Class VortexDataWriterFactory

java.lang.Object
dev.vortex.spark.write.VortexDataWriterFactory
All Implemented Interfaces:
Serializable, org.apache.spark.sql.connector.write.DataWriterFactory

public final class VortexDataWriterFactory extends Object implements org.apache.spark.sql.connector.write.DataWriterFactory, Serializable
Factory for creating VortexDataWriter instances on Spark executors.

This factory is serialized and sent to executors where it creates data writers for each task. When partition transforms are specified, it creates partitioned writers that organize output into Hive-style partition directories.

See Also:
  • Method Details

    • createWriter

      public org.apache.spark.sql.connector.write.DataWriter<org.apache.spark.sql.catalyst.InternalRow> createWriter(int partitionId, long taskId)
      Creates a new data writer for a specific partition and task.

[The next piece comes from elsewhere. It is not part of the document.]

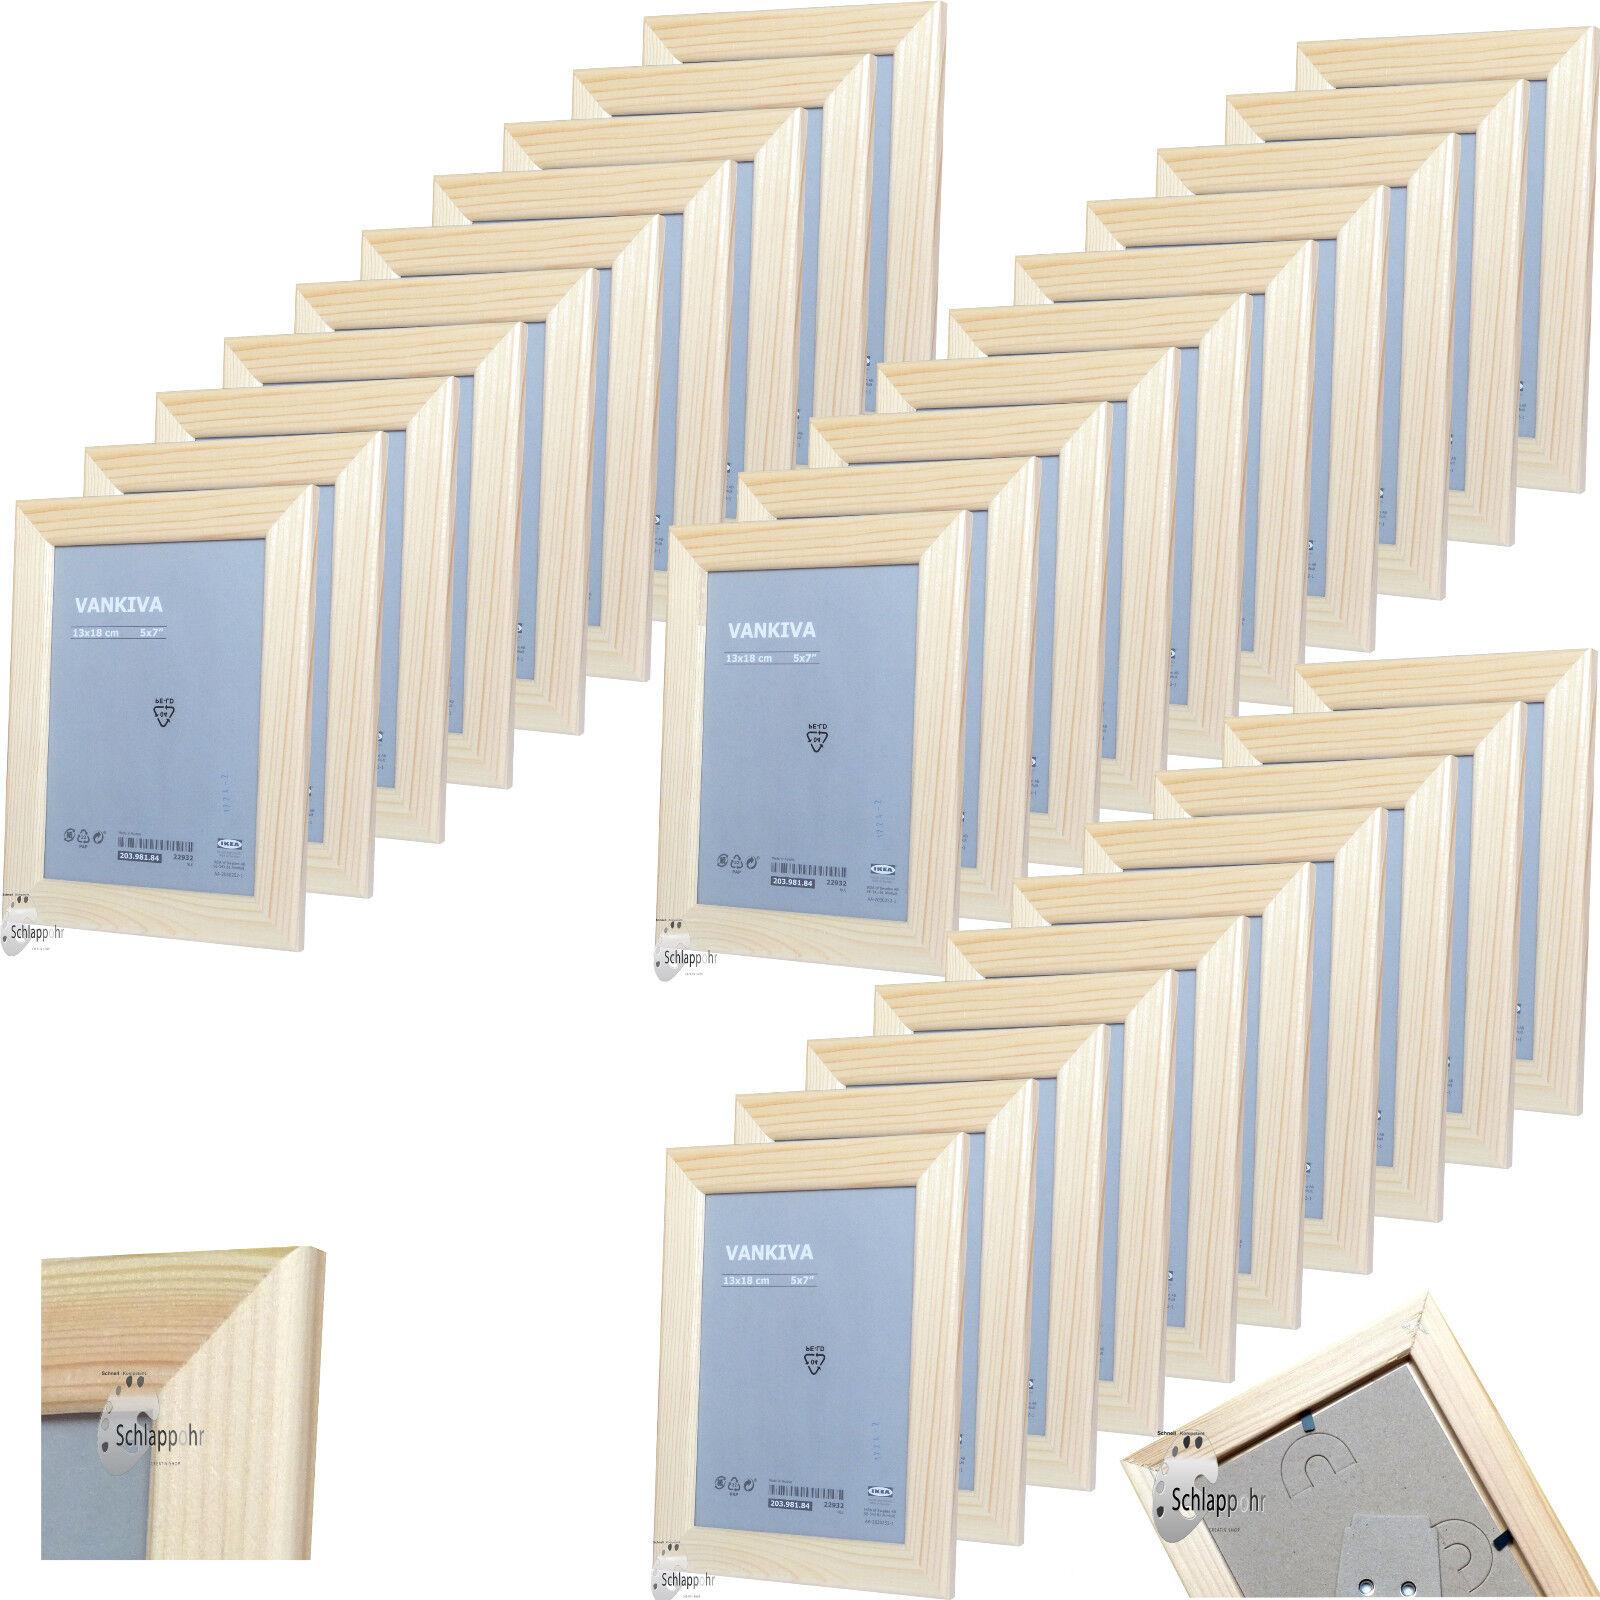 30-er Set IKEA VANKIVA 13x18 cm Kiefer Holz Foto.- Bilderrahmen Einrahmung Natur | Online Outlet Shop

      Each task writes its data to a separate Vortex file to avoid conflicts. When partition transforms are configured, returns a PartitionedVortexDataWriter that creates Hive-style partition directories.

      Specified by:
      createWriter in interface org.apache.spark.sql.connector.write.DataWriterFactory
      Parameters:
      partitionId - the partition ID
      taskId - the task ID
      Returns:
      a new DataWriter instance